要定义您的自定义智能体，请首先创建一个类，该类是rl.agent.CustomAgent类的子类。此示例的自定义智能体类在CustomReinforceAgent.m中定义。

CustomReinforceAgent类具有以下类定义，该定义指示智能体类名称和关联的抽象智能体。

classdef CustomReinforceAgent < rl.agent.CustomAgent

要定义您的智能体，您必须指定以下内容：

智能体属性
构造函数
评估长期奖励折扣的评论者表示形式（如果学习需要）
根据当前观察选择动作的行动者表示（如果学习需要）
所需的智能体方法
可选智能体方法

智能体属性

在类文件的属性部分中，指定创建和训练智能体所需的任何参数。

rl.Agent.CustomAgent类已经包含智能体采样时间（SampleTime）以及操作和观察规范（分别为ActionInfo和ObservationInfo）的属性。

定制REINFORCE智能体定义了以下其他智能体属性。

properties
    % Actor representation
    Actor
    
    % Agent options
    Options
    
    % Experience buffer
    ObservationBuffer
    ActionBuffer
    RewardBuffer
end

properties (Access = private)
    % Training utilities
    Counter
    NumObservation
    NumAction
end

构造函数

要创建自定义智能体，您必须定义一个构造函数。构造函数执行以下操作。

定义动作和观察规范。有关创建这些规范的更多信息，请参见rlNumericSpec和rlFiniteSetSpec。
设置智能体属性。
调用基本抽象类的构造函数。
定义采样时间（在Simulink环境中进行训练所需）。

例如，CustomREINFORCEAgent构造函数根据输入行动者表示形式定义动作和观察空间。
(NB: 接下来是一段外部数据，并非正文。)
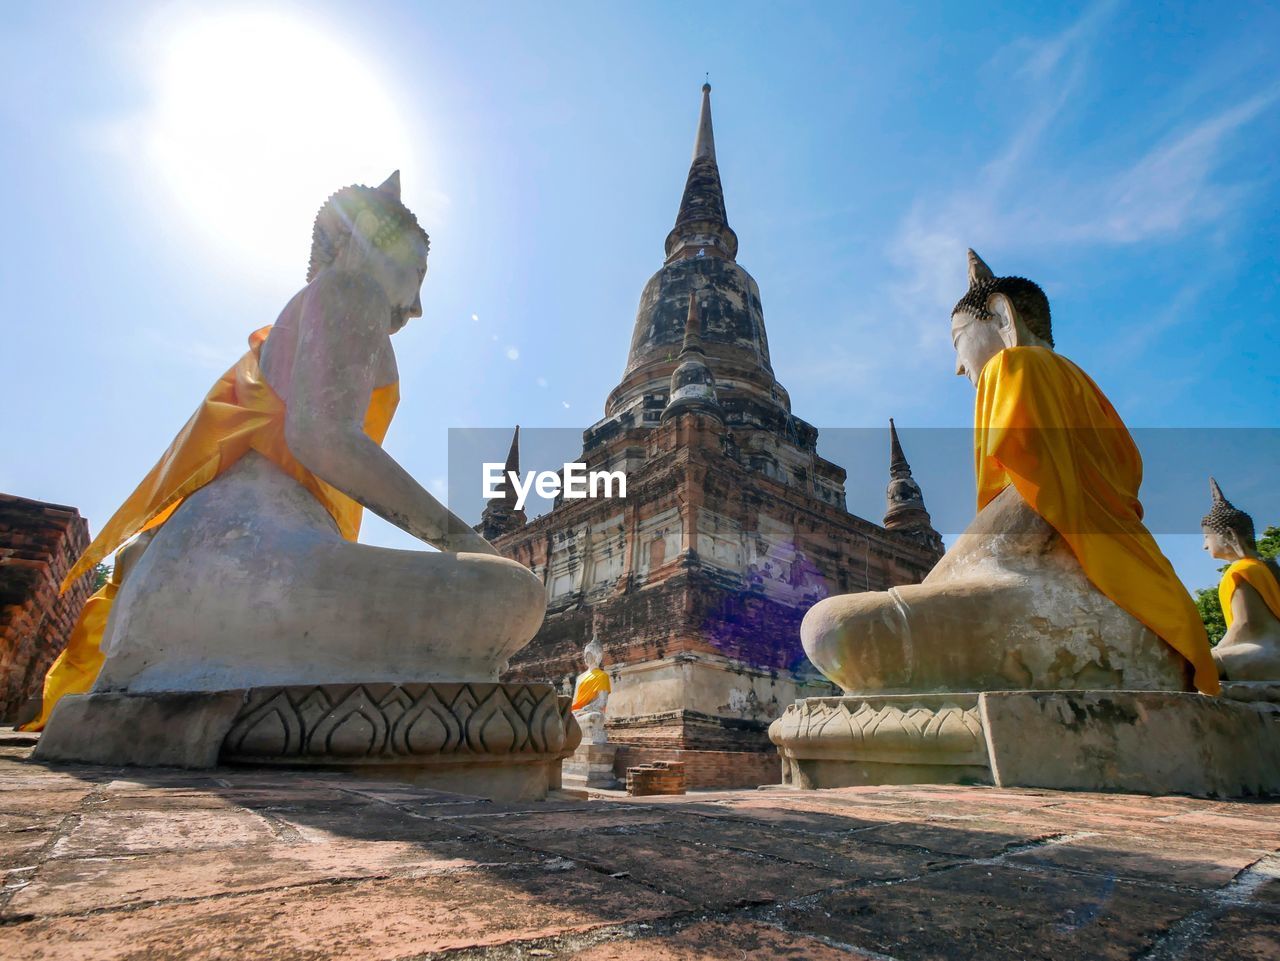 Old temple wat yai chai mongkhon of ayutthaya province

function obj = CustomReinforceAgent(Actor,Options)
    %CUSTOMREINFORCEAGENT Construct custom agent
    %   AGENT = CUSTOMREINFORCEAGENT(ACTOR,OPTIONS) creates custom
    %   REINFORCE AGENT from rlStochasticActorRepresentation ACTOR
    %   and structure OPTIONS. OPTIONS has fields:
    %       - DiscountFactor
    %       - MaxStepsPerEpisode
    
    % (required) Call the abstract class constructor.
    obj = obj@rl.agent.CustomAgent();
    obj.ObservationInfo = Actor.ObservationInfo;
    obj.ActionInfo = Actor.ActionInfo;
    
    % (required for Simulink environment) Register sample time. 
    % For MATLAB environment, use -1.
    obj.SampleTime = -1;
    
    % (optional) Register actor and agent options.
    Actor = setLoss(Actor,@lossFunction);
    obj.Actor = Actor;
    obj.Options = Options;
    
    % (optional) Cache the number of observations and actions.
    obj.NumObservation = prod(obj.ObservationInfo.Dimension);
    obj.NumAction = prod(obj.ActionInfo.Dimension);
    
    % (optional) Initialize buffer and counter.
    reset(obj);
end

构造函数使用函数句柄将actor表示的损失函数设置为lossFunction，该函数在CustomREINFORCEAgent.m中作为局部函数实现。

function loss = lossFunction(policy,lossData)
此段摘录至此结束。